WHAT YOU ARE ASKED TO DO — Set the images aside and retype the whole listing exactly.

RECORDED DATA —
**********

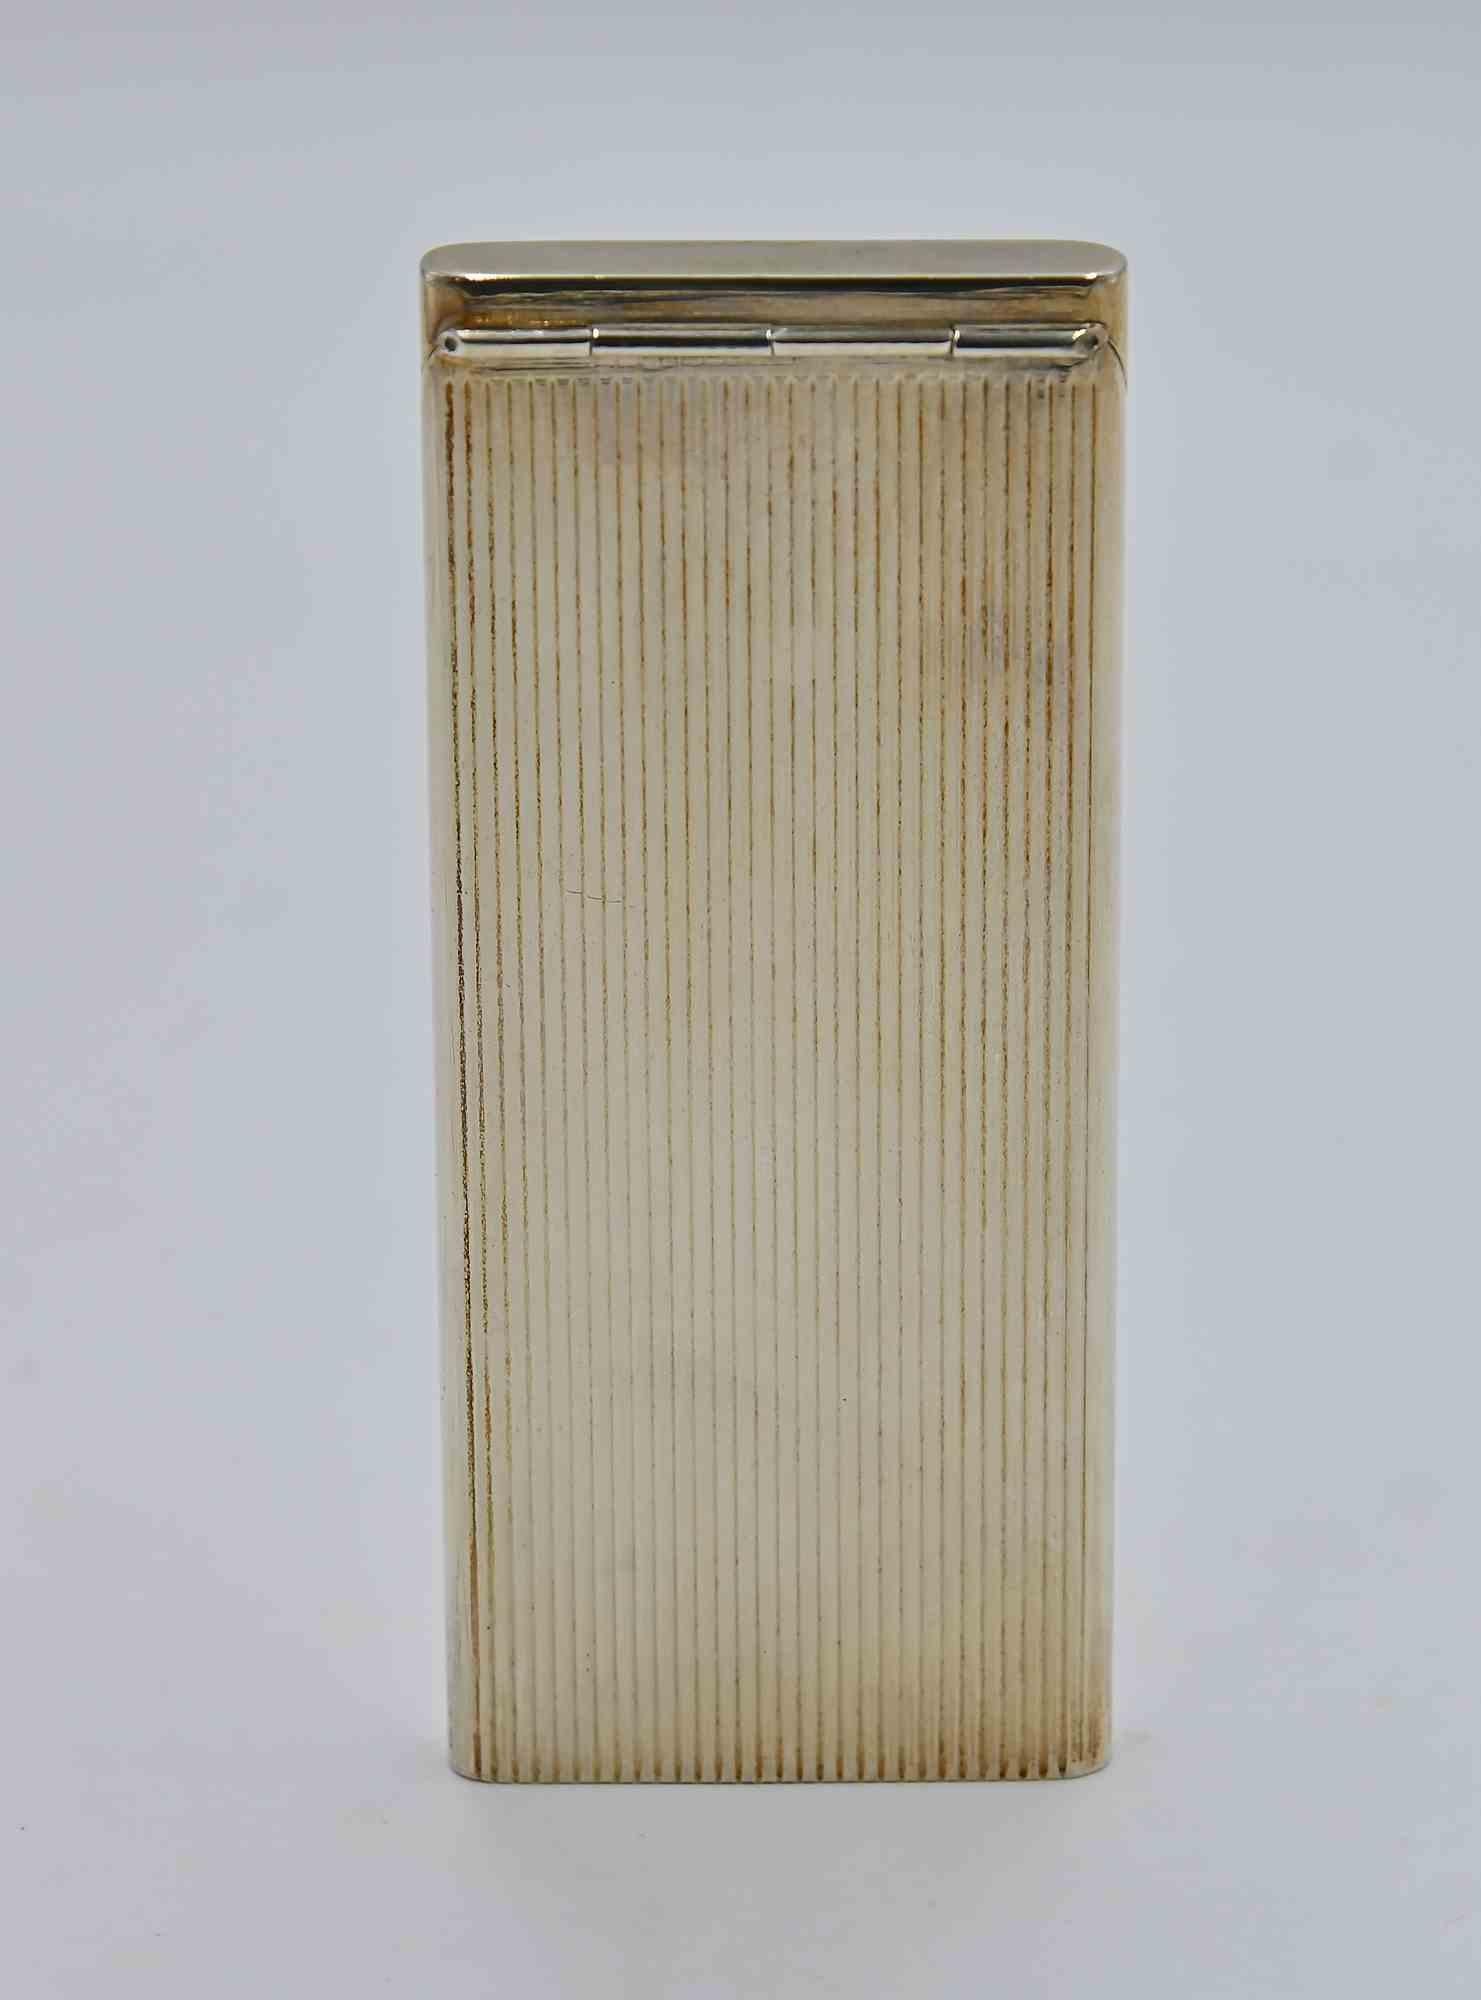 Silver cigarette holder, 1940s.

Hand made.

12 x 5 cm.

Good conditions

**********

REPLY —
 Silver cigarette holder, 1940s.

Hand made.

12 x 5 cm.

Good conditions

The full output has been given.